İğne hazır olduğunda, bir zebra balığını hayvancılık tankından anestezik çözelti bir kapkabına aktarın. Solungaçların hareketi dinilene kadar birkaç dakika bekleyin. İzole edilmiş balık dorsal tarafını stereomikroskop altında önceden ıslak bir süngerin üzerine bastırın ve optik tektumun hemen yanındaki telencephalon'un arka tarafındaki balık kafatasında küçük bir delik oluşturmak için 40 milimetrelik kesme kenarı ve 0,5 milimetre kalınlığında paslanmaz çelik bir kesme mikrobıçağı kullanın.
Balığı gerektiği gibi yatırın ve cam kılcal damarUcunu doğru açıyla kafatasına doğru yönlendirerek kılcal ucun delikten nüfuz etmesini kolaylaştırın. Daha sonra, çok dikkatli bir şekilde dorsal ependymal hücre tabakası ile deliğe kılcal damar ucu nu takın, telensefalik ventrikül ulaşana kadar, ve yaklaşık 10 saniye boyunca ayak pedalına basınç uygulayın plazmid çözeltisinin yaklaşık 1 mikrolitre teslim etmek için. Teslimat başarısı ventrikül boyunca yeşil sıvı nın yayılmasını gözlemleyerek teyit edilebilir.
Ultrason jel küçük bir miktar ile balık telencephalon kapağı. Plazmid enjekte hayvan Elektroporasyon için, enjeksiyon kurulum dan sünger çıkarın ve ultrason jel içine elektrouçlarıiç tarafı batırın.
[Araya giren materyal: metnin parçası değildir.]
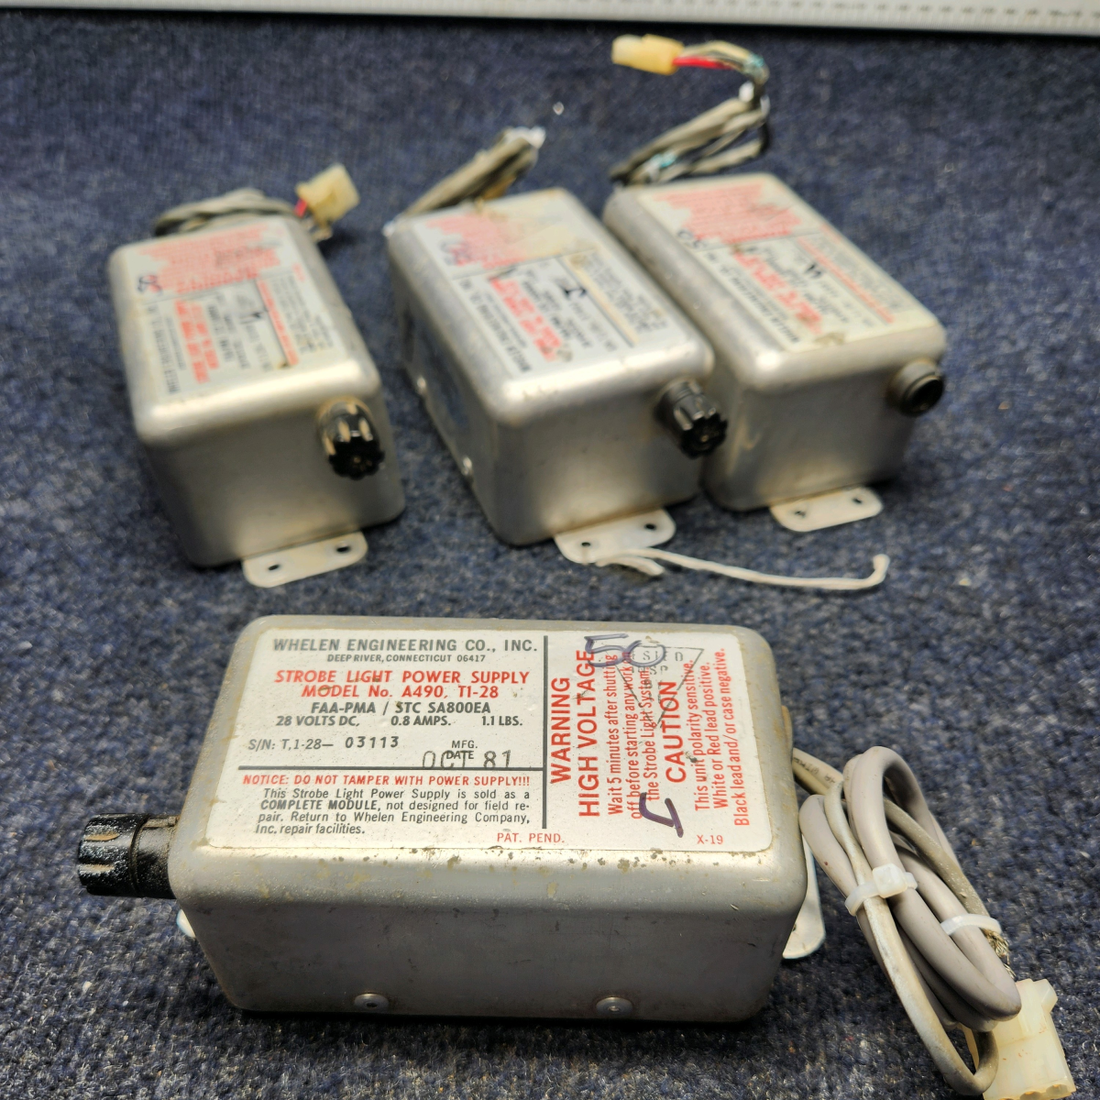 Used aircraft parts for sale, A490, T1-28 Whelen Strobe Power Supply WHELEN STROBE LIGHT POWER SUPPLY "FOR PARTS ONLY" 28VOLTS

Balığın kafasını elektrotlar arasına yerleştirin, başın ventral tarafındaki pozitif elektrot ve dorsal taraftaki negatif elektrot.
Daha sonra, hala sünger balık vücudunu tutarken, telencephalon karşı hafifçe ve hassas elektrotlar basın ve ayak pedalı ile akım yönetmek, beş darbeler bitene kadar elektrotlar yerinde tutarak. Elektroporasyon başarılı olursa plazmid etiketli tek ependymoglial hücreler plazmid olmayan ependymoglial hücreler arasında görülebilir. Elektroporasyon sürecinin etkinliğine bağlı olarak, ependymoglial hücrelerin daha yüksek veya daha düşük sayıda etiketlenebilir.
Bununla birlikte, gösterilen protokol, daha önce yayımlanmış protokollere göre daha fazla sayıda etiketli hücre verir. Etiketli hücrelerin en yüksek yoğunluğu enjekte plazmid sıvı hemisferler arasında dağıtır şekilde nedeniyle her iki yarımkürenin iç ventriküler tarafında çoğunlukla ortaya eğilimindedir unutmayın. Bu videoda, zebrabalığı telensefalon bir yarımkürede 3D olarak sunulmaktadır, radyo süreçleri ile ependymoglial hücreleri, yandan gözlendiğinde macenta bulunmaktadır.
Çekirdekleri etiketleyen başka bir plazmid ile birlikte elektroporasyon sayesinde ependymoglial hücrelerin hücre bölünmesi görülebilir. Başarısız elektroporasyon çok düşük sayıda veya hiç etiketli ependymoglial hücreleri ile sonuçlanır. Dorsal ependymal hücreler, ancak, en etiketli olması muhtemeldir.
Onların soma kübik daha büyük ve ependymoglial hücre tabakasının bir yan görünümünden belirgin olarak radyo uzatılmış süreçler sahip değildir. tdTomato-mem etiketli hücreler büyük olasılıkla ependymoglia tabakasının üzerinde bulunan ependymal hücrelerdir. Buna karşılık, bireysel ependmyoglial hücrelere plazmid ifade eden bir tdTomato-mem'in tanıtılması, ilk hücre etiketlemesine ek olarak tdTomato-mem ekspresyonuna neden olur.
Hatırlanması gereken en önemli şey, kılcal damarın sadece ucunu kesmek ve ependymal tabakayı delmek ve böylece sıvı nın ventrikül boyunca yayılmasıdır. Bu teknik, in vivo görüntüleme yoluyla tek ependymoglial hücrelerin uzun süreli izlenmesini sağlar, ve bu nedenle beyin rejenerasyonu rollerini yanı sıra onların geniş in vivo genetik bağlantı kurulması.